In just one week, four fires, reaching flames of 5 to 7 meters in height, laid waste to around 170 hectares of the indigenous territory. Fernández expressed frustration at the lack of support from firefighters, lamenting, “The firefighters do not bring water, what are they going to put out the fire with? For that reason, we are outraged.”

Jorge Barboza, chief of the Perez Zeledón Fire Station, acknowledged the annual occurrence of fires in the indigenous territory during the summer. He highlighted the challenges faced by firefighters, including the necessity to navigate security protocols due to the potential threat of attacks while entering the area.

“The area is quite complicated and presents insecurity for the fire department, especially at night, since the personnel are exposed to poisonous snake bites and because it is, in some way, guarded by the same armed neighbors to protect their lands,” Barboza noted.

The indigenous community expressed disillusionment with the perceived undervaluation of their reclaimed land by firefighters. Despite formerly being used for pasture, the land now sustains approximately 60 indigenous families and provides habitat for numerous bird species.

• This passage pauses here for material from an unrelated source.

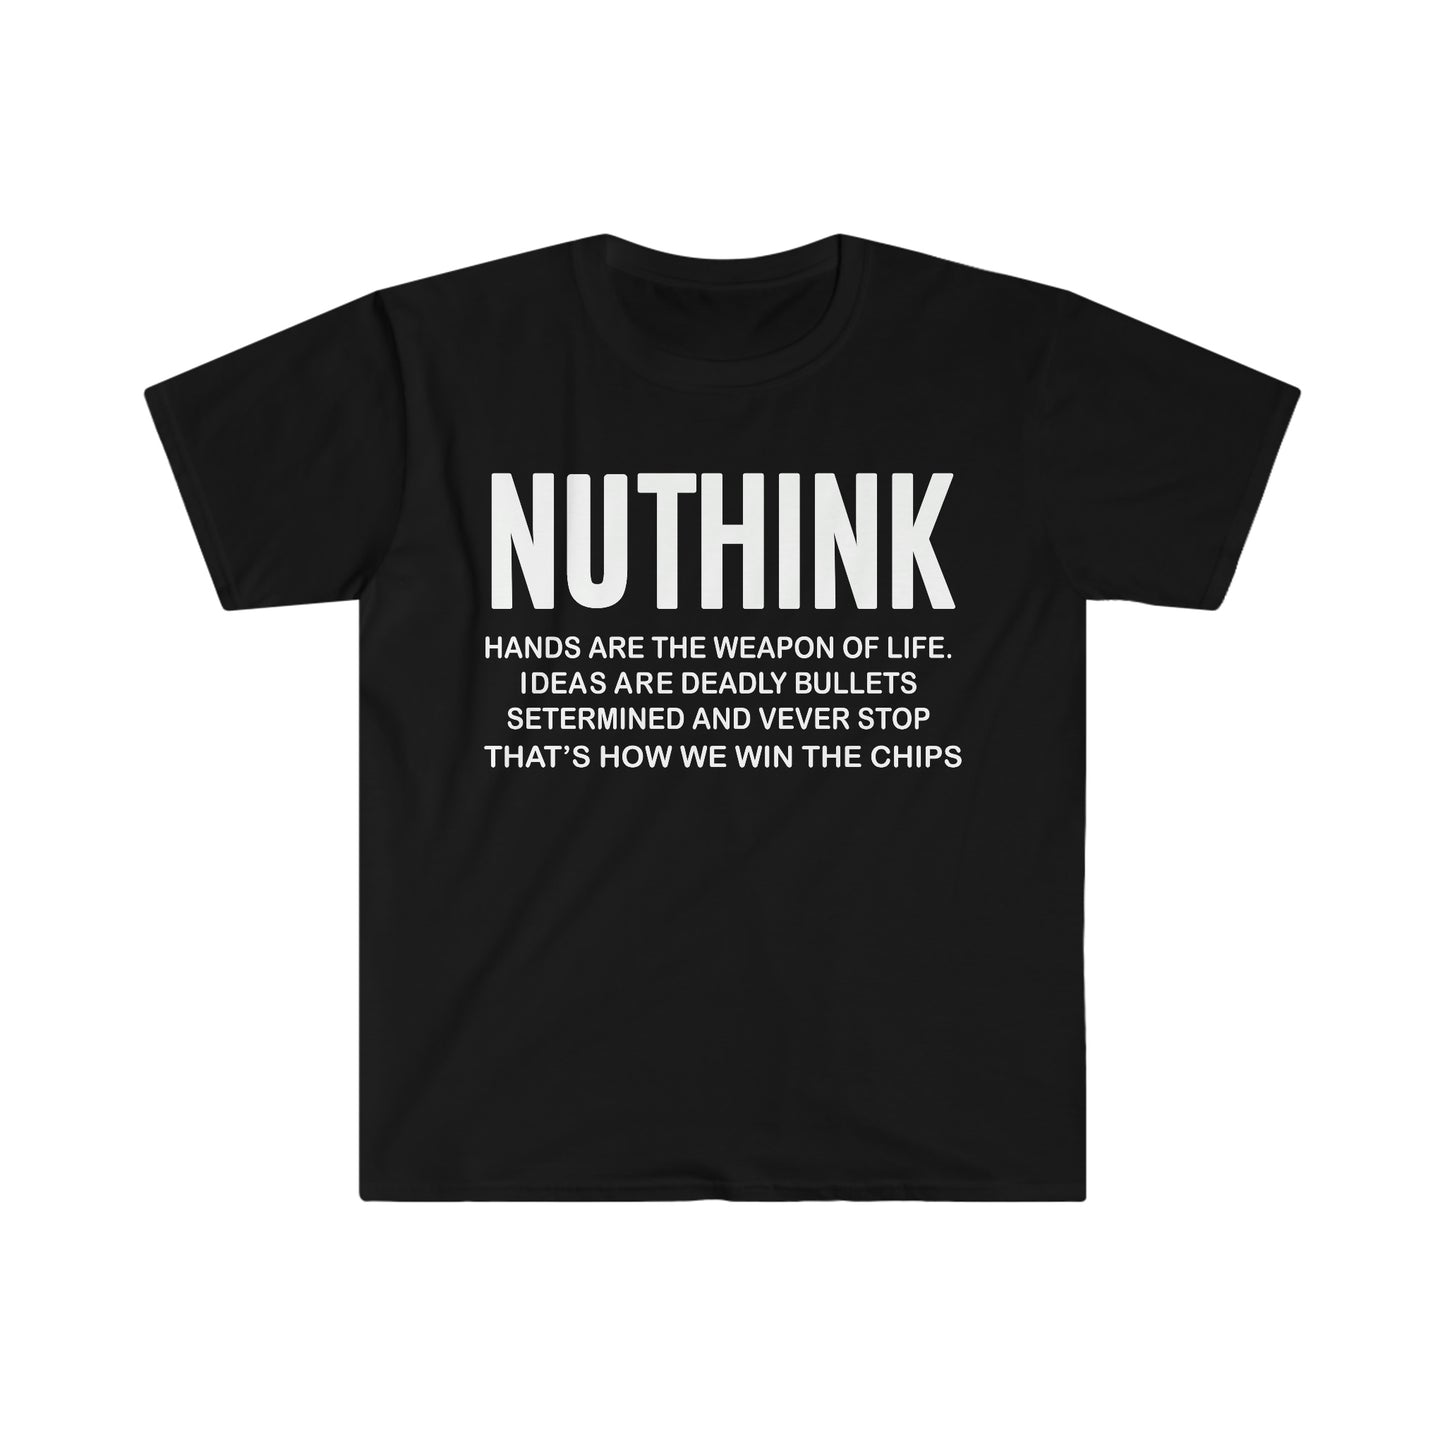 Nuthink.

Efforts to restore the ravaged territories of Yuwi Senaglö, Kono Jú, and Nama Jú through reforestation had commenced with donated trees.

The indigenous leaders of China Kichá commenced the de facto recovery of indigenous lands in 2018, citing decades of non-compliance with Indigenous Law and land grant decrees. Since then, they have consistently reported instances of harassment and violence, including arson allegedly ordered by opposing farmers.